Designed around the company's own Freedom implementation of the RISC-V ISA, which is entirely open source for anyone to implement or modify at will with no licensing fees or royalties to pay, the HiFive Unleashed builds on SiFive's earlier HiFive1 Arduino-style development board. Where the HiFive1's 32-bit RISC-V processor was tailored for low-power microcontroller tasks, the HiFive Unleashed boasts a 64-bit Freedom U540 system-on-chip (SoC) with four primary U54 cores running up to 1.5GHz and a fifth E51 management core sharing a coherent 2MB L2 cache.
The board's design also includes 8GB of DDR4 memory with error correcting code (ECC) protection, a gigabit Ethernet port, 32MB quad-SPI flash memory, micro-SD slot for removable storage, a header for an FPGA mezzanine card (FMC), and a selection of co-axial connectors the purpose of which has yet to be disclosed.

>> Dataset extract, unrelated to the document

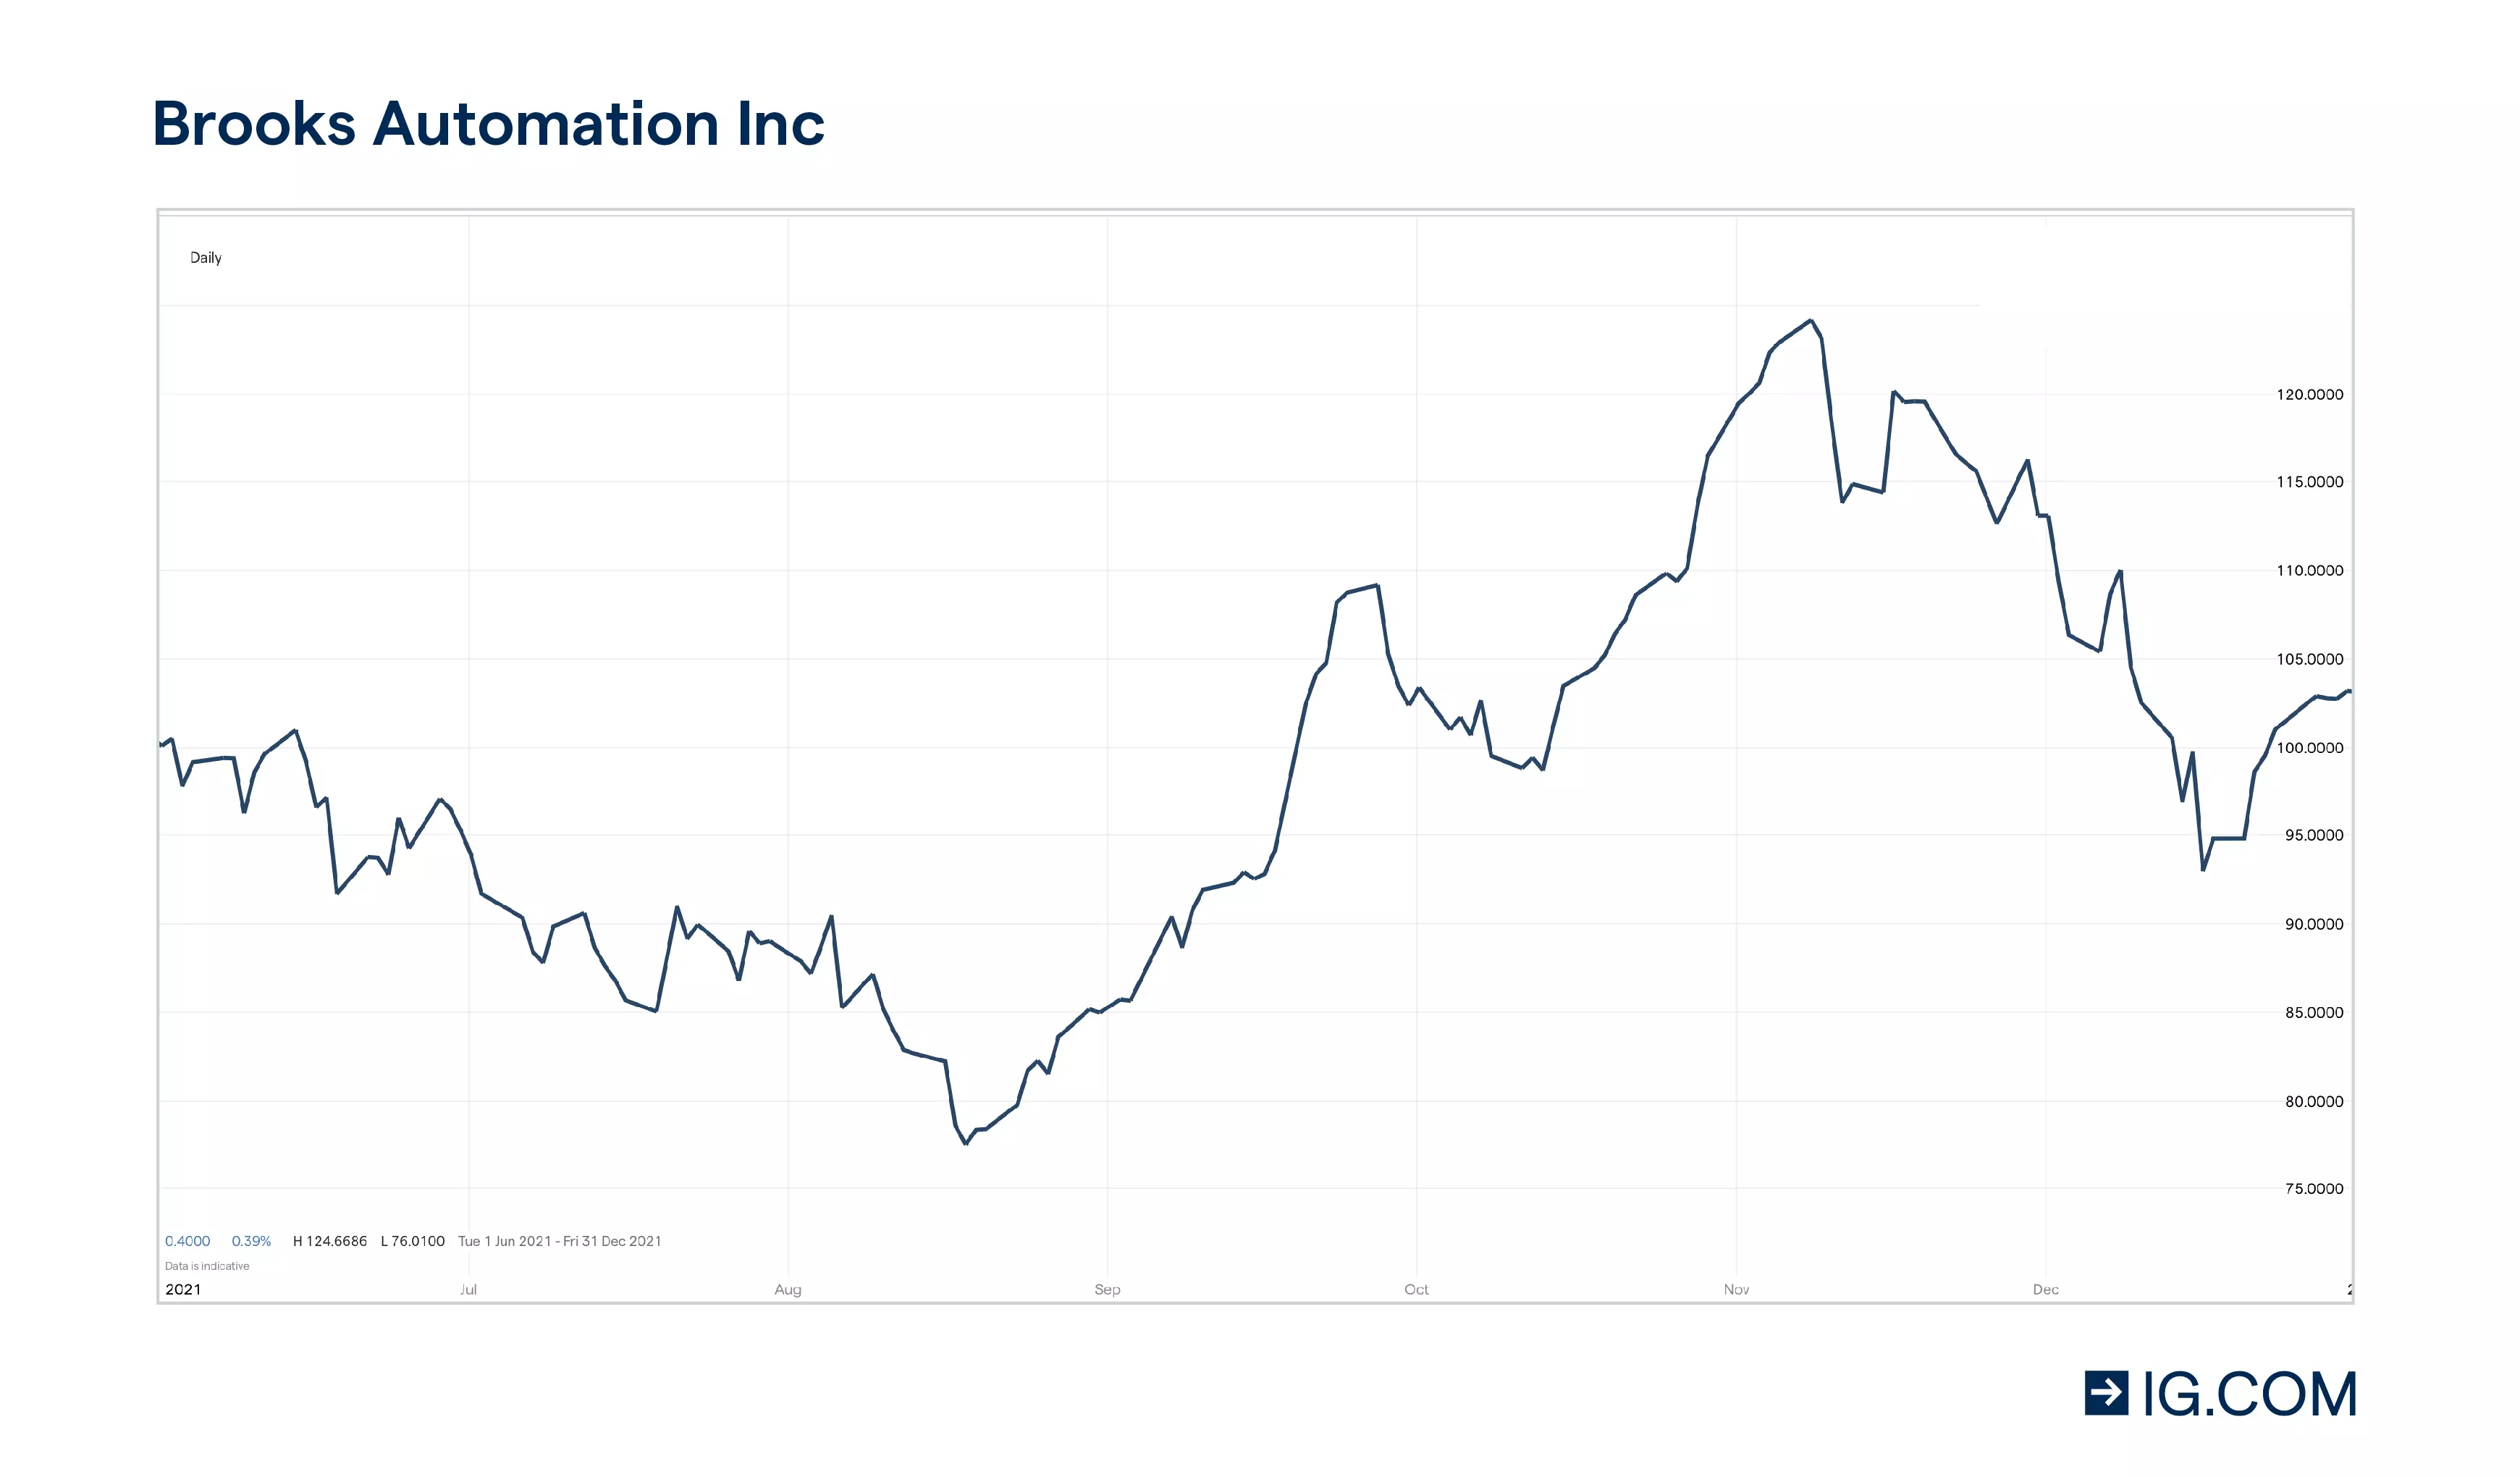 Chart of Brooks Automation share prices over the period of 2021

The key selling point for the HiFive Unleashed: It's the first off-the-shelf RISC-V product to be able to boot operating systems running the Linux kernel, which recently received mainstream support for the RISC-V ISA. During demonstrations of the board at the Free and Open-source Software Developer's European Meeting (FOSDEM) the board was demonstrated booting to a graphical Linux desktop, loading productivity software, and playing a port of id Software's seminal first-person shooter Quake.

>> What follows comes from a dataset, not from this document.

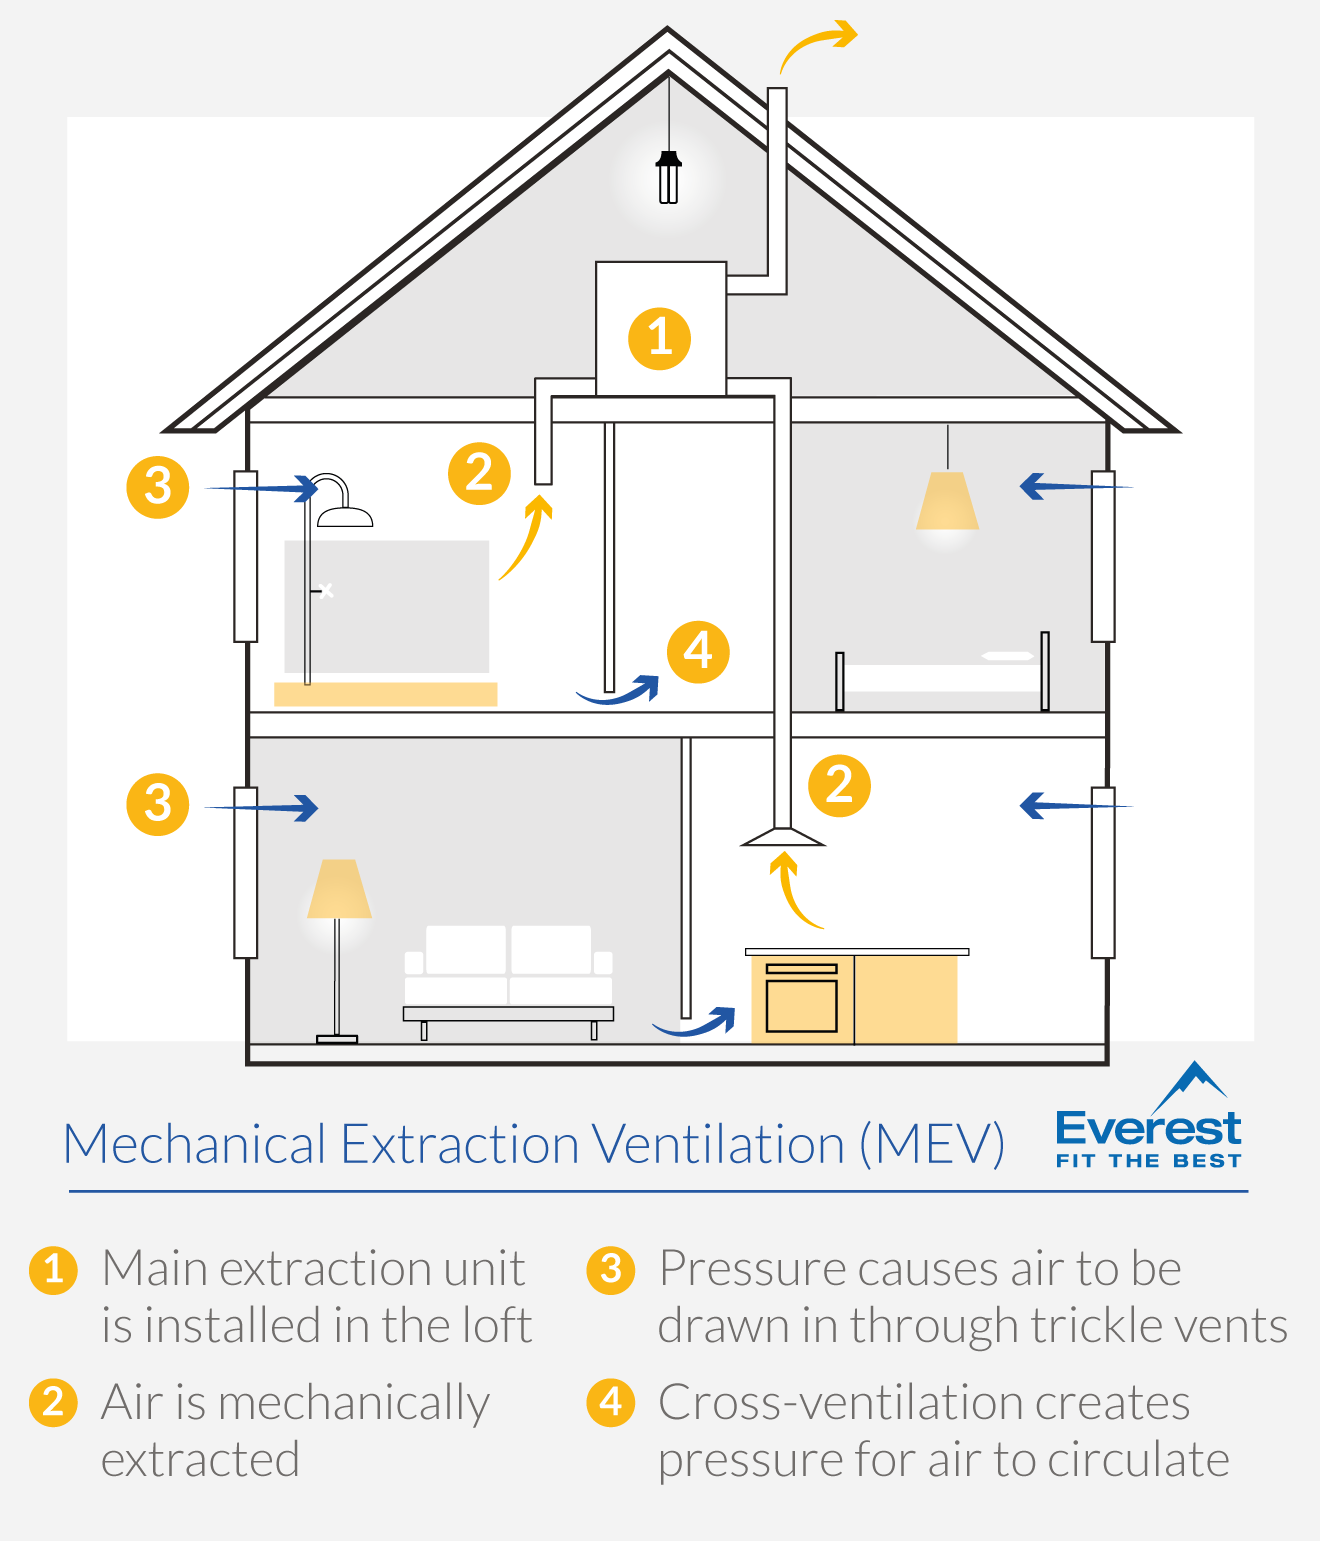 What is Mechanical extract ventilation (MEV)?

Those interested in a departure from the x86 and ARM near-duopoly can pre-order a board from the company's Crowd Supply page, though the pricing is - as you might expect for the first device of its kind - pretty far from impulse-purchase levels: $999 plus $40 global shipping (around £734 excluding taxes) will get you a board shipping on June 30th, while $1,250 plus $40 shipping (around £913 excluding taxes) will get you one of a 75-batch pre-production run shipping at the end of March.